■ **WORK ITEM**: Copy nothing before the line that contains "2023-sand-minamisatsuma-map.png"; from there, transcribe each line exactly through the end of the material, omitting pictures.

■ **GIVEN INFORMATION**:
::::::::::

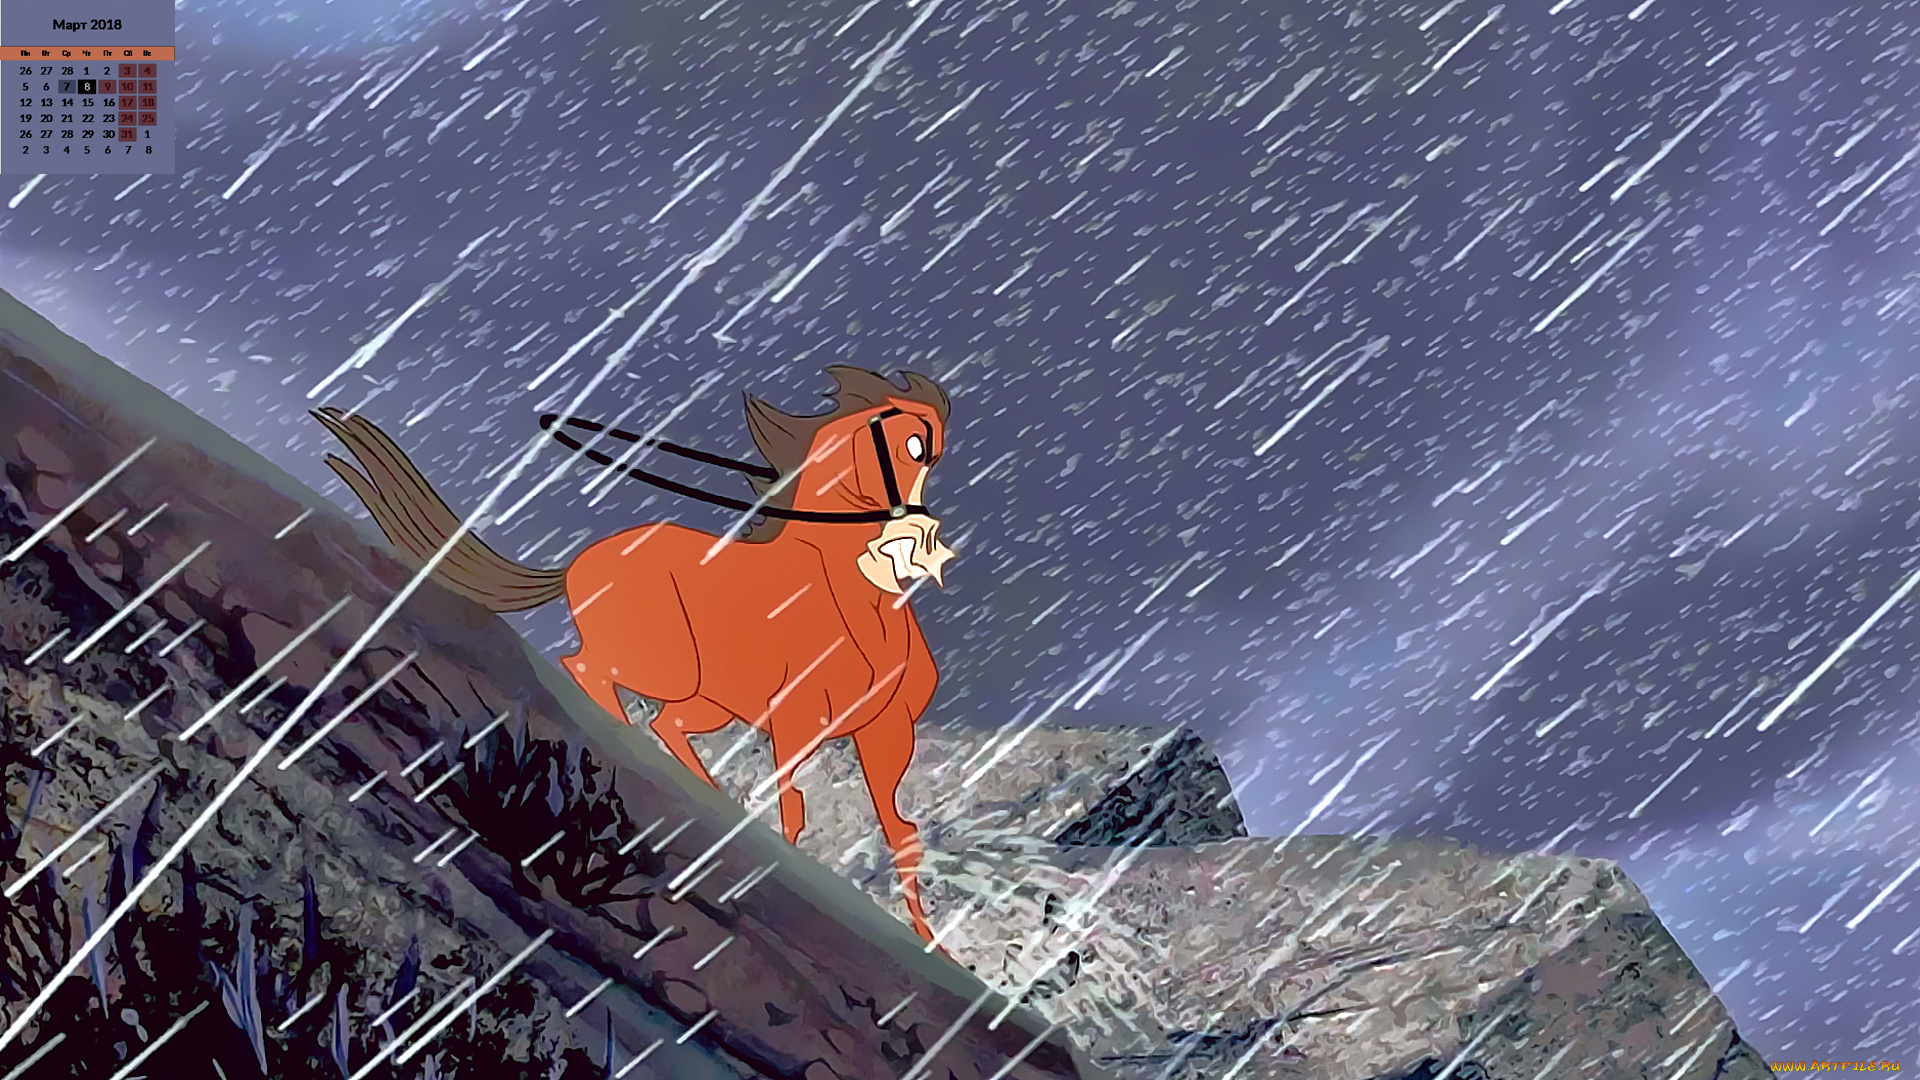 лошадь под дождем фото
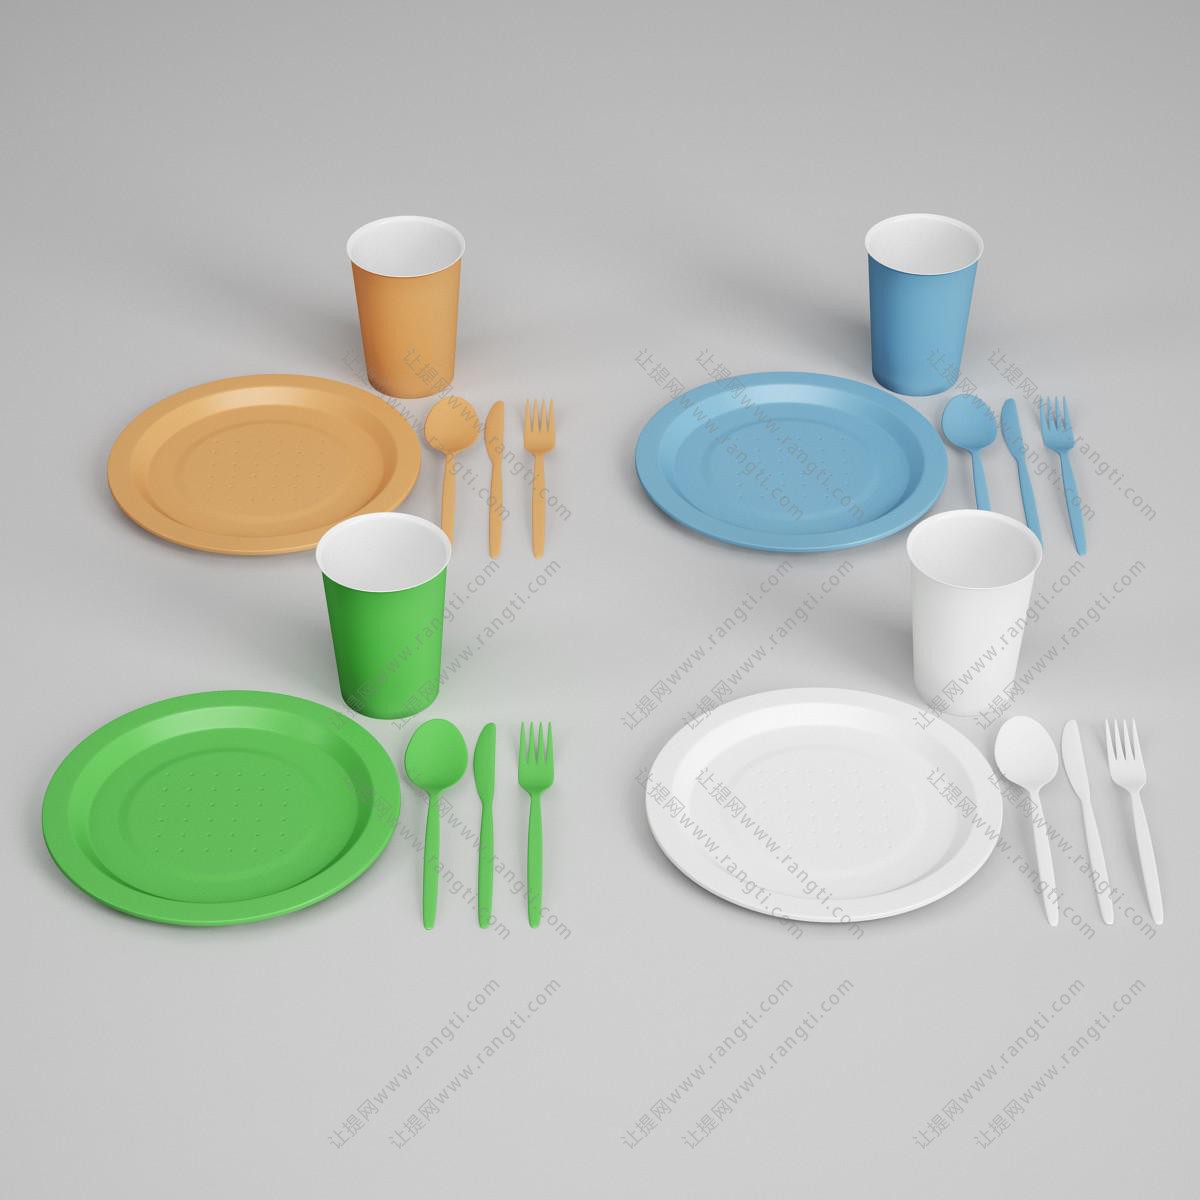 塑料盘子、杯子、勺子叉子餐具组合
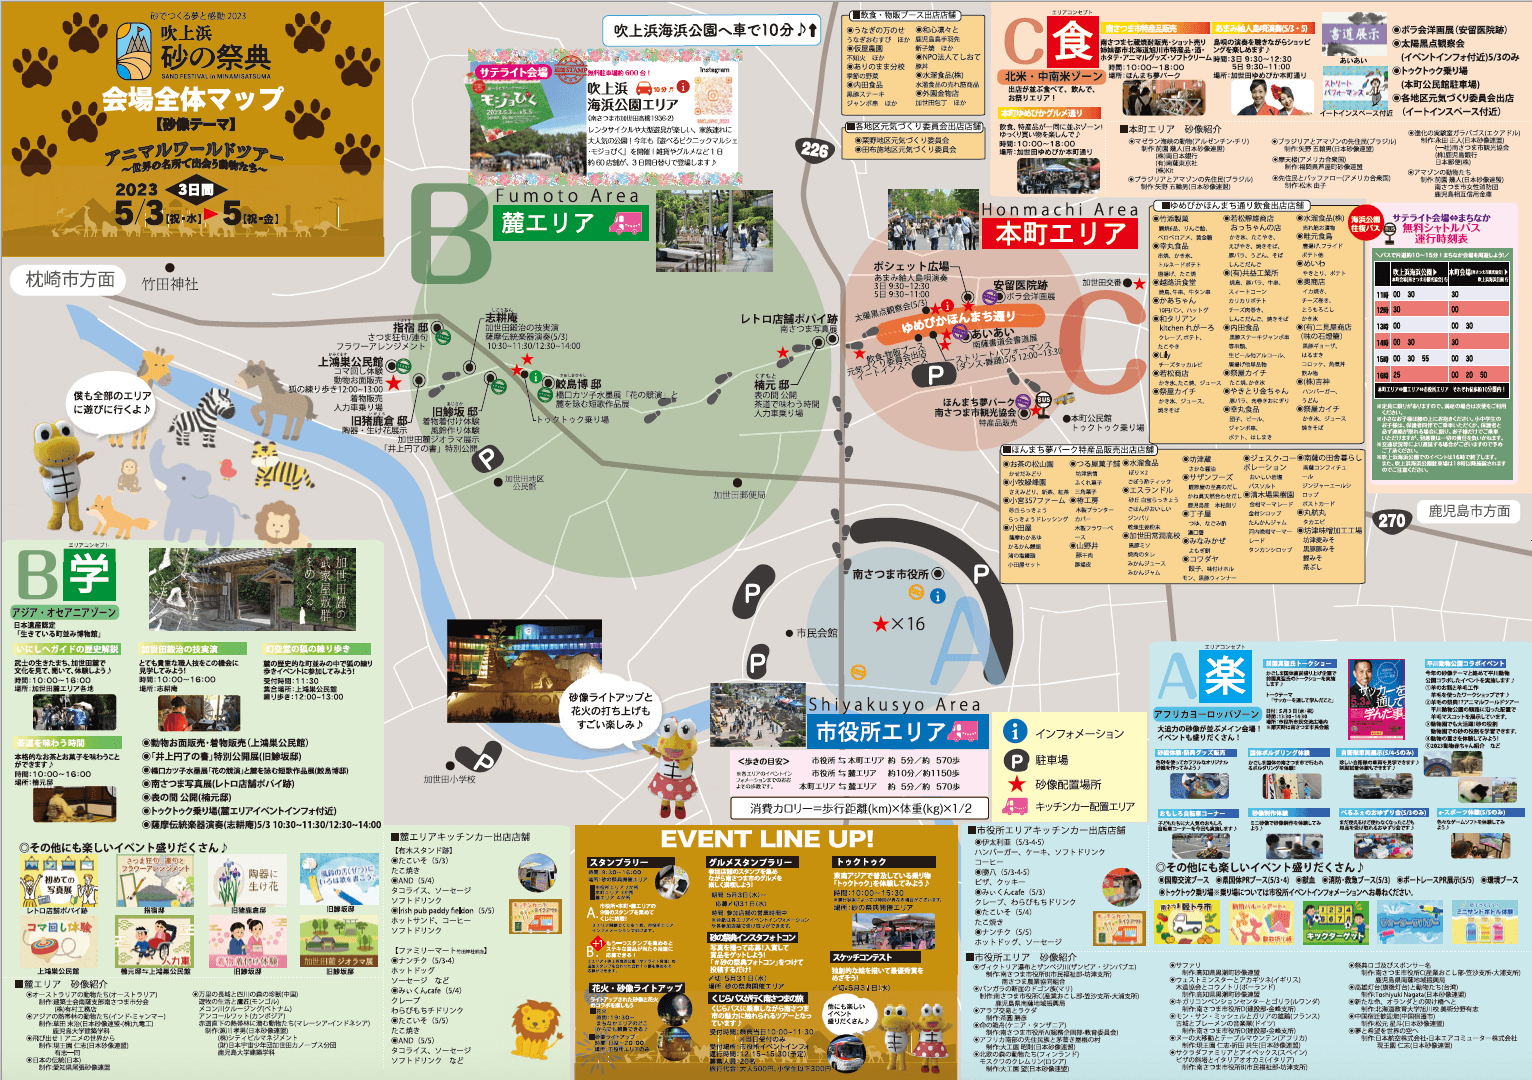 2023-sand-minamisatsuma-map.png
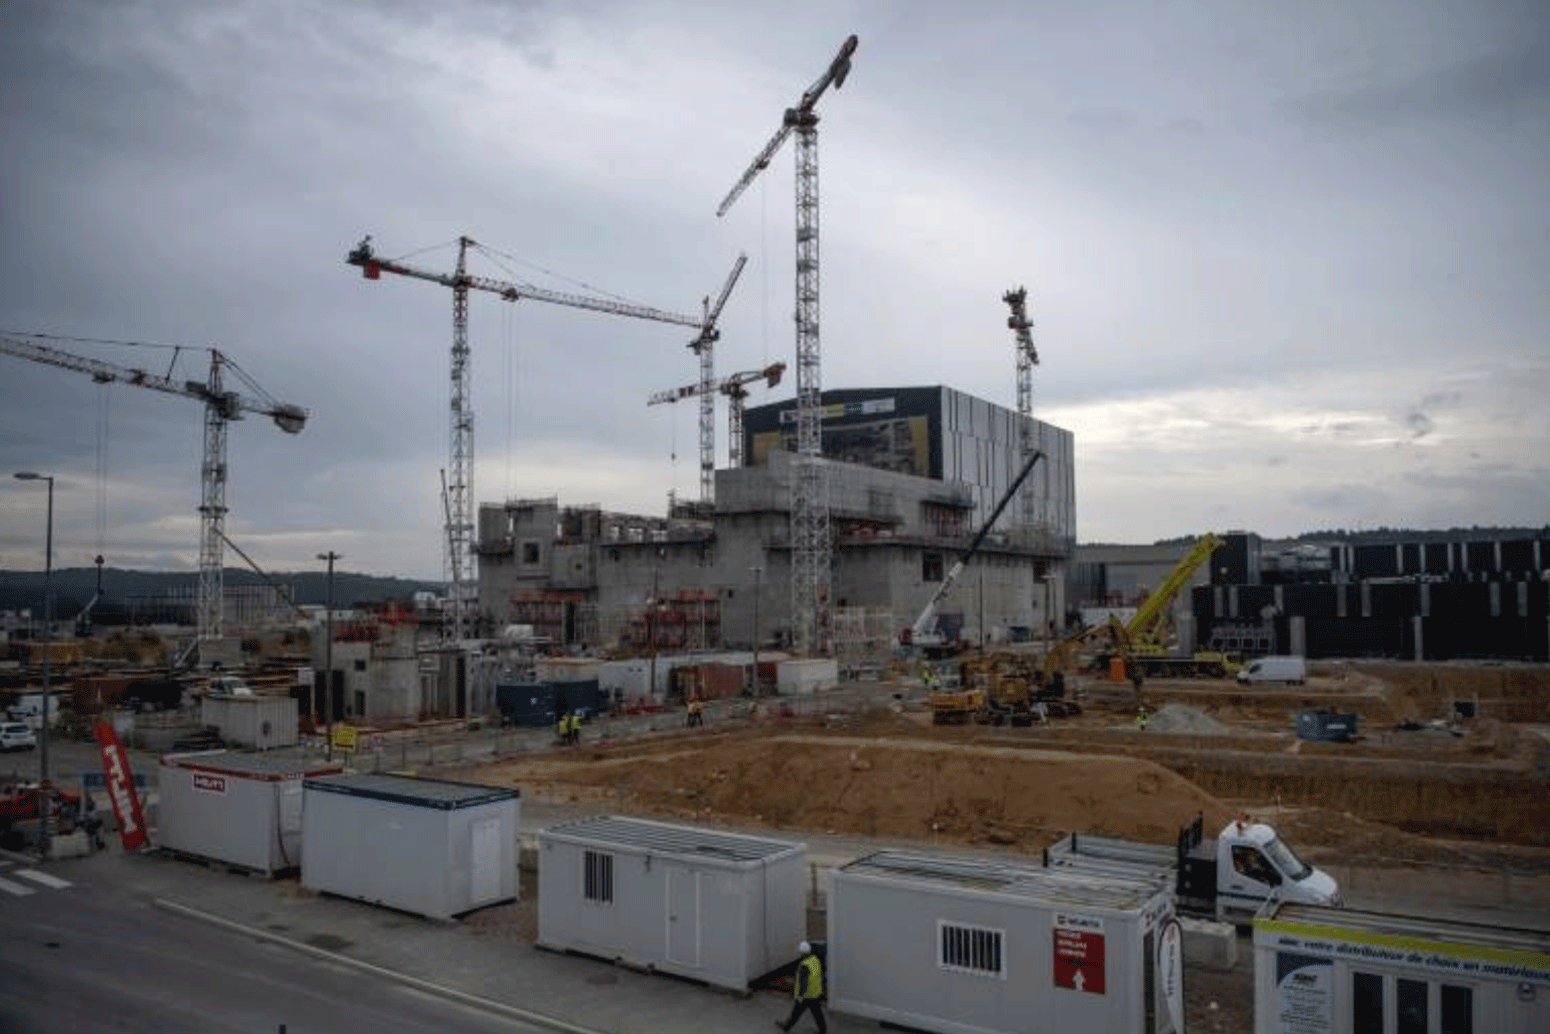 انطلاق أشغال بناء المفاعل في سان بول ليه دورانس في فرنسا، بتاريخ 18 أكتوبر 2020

::::::::::

■ **FINISHED TASK**:
 2023-sand-minamisatsuma-map.png
 انطلاق أشغال بناء المفاعل في سان بول ليه دورانس في فرنسا، بتاريخ 18 أكتوبر 2020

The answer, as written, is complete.